Note that thread overhead is overwhelmingly the biggest hangup.  Python has
two threadsafe input tricks now:

1. On platforms that have flockfile(), funlockfile(), and
   getc_unlocked(), the last is used in a loop bracketed by the first
   two.

2. At least on Windows, which doesn't have those, we use the platform
   fgets() in an excruciating way, tricking it into letting us read
   lines with embedded null bytes.

Oddly enough, in the timing reports I saw, approach #1 was never faster than
approach #2, and on at least one platform (Tru64, IIRC) was slower.

Of course fgets() is a primitive in std C because they *wanted* to make it
possible for vendors to optimize it (in the ways Perl does), but it appears
very few vendors do optimize it.  On Windows it's the same old
getc()-in-a-loop, but they lock/unlock the stream only once per fgets call
(using internal stream functions that aren't exposed).

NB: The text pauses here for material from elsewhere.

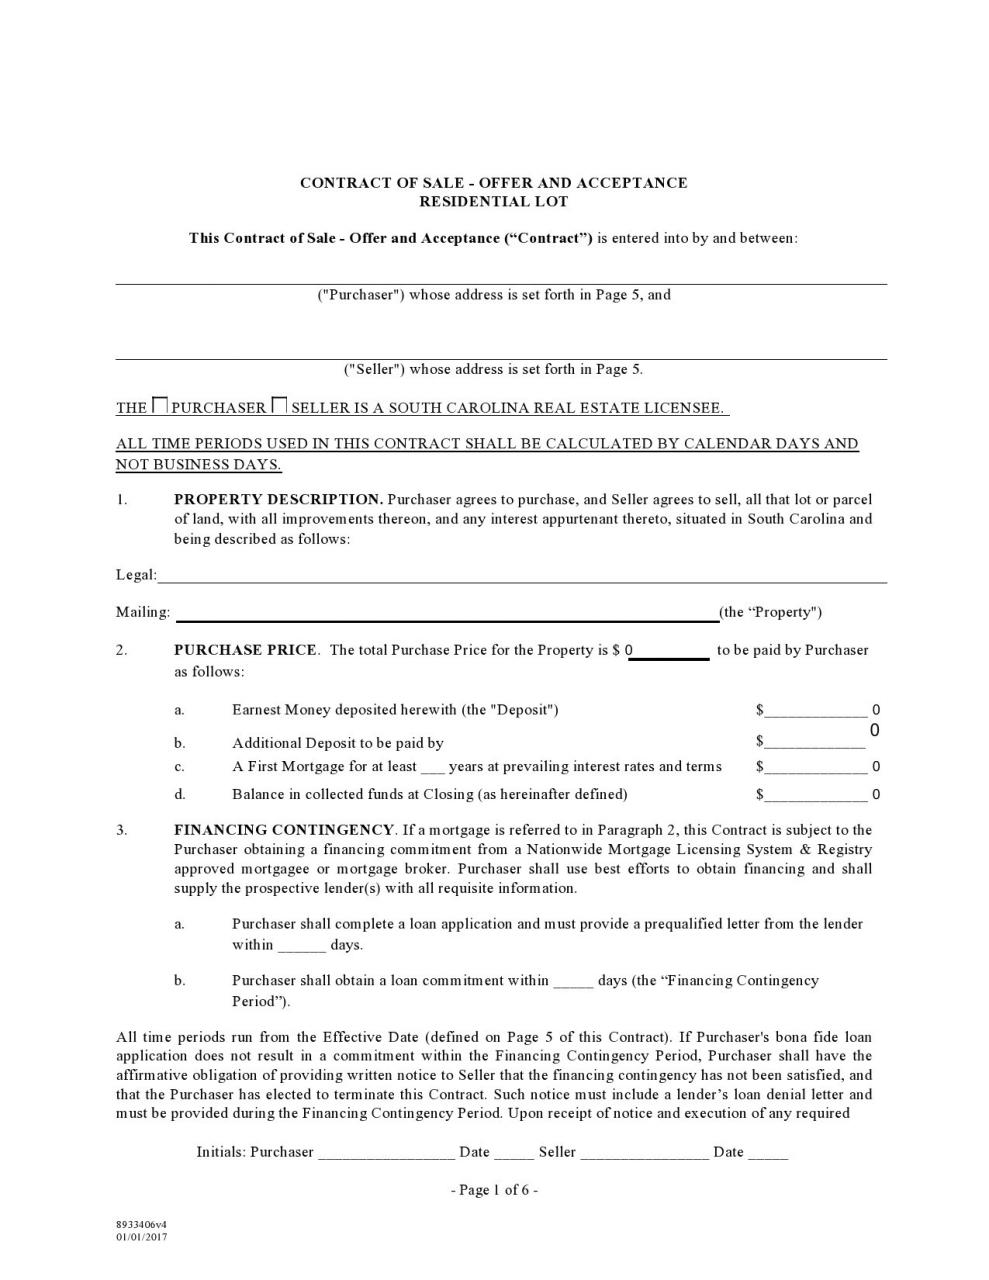 formulario de contrato de tierra gratis 25

The "2 seconds for not copying directly ... like Perl does" I reported above
came from hacking together a thread-unsafe line input routine that used the
same FILE* tricks Perl uses.  That is, thread-unsafe getc-in-a-loop was 2
seconds slower than using thread-unsafe FILE* tricks.  That's significant in
absolute terms, but was lost in the noise compared to the other stuff we
were fighting.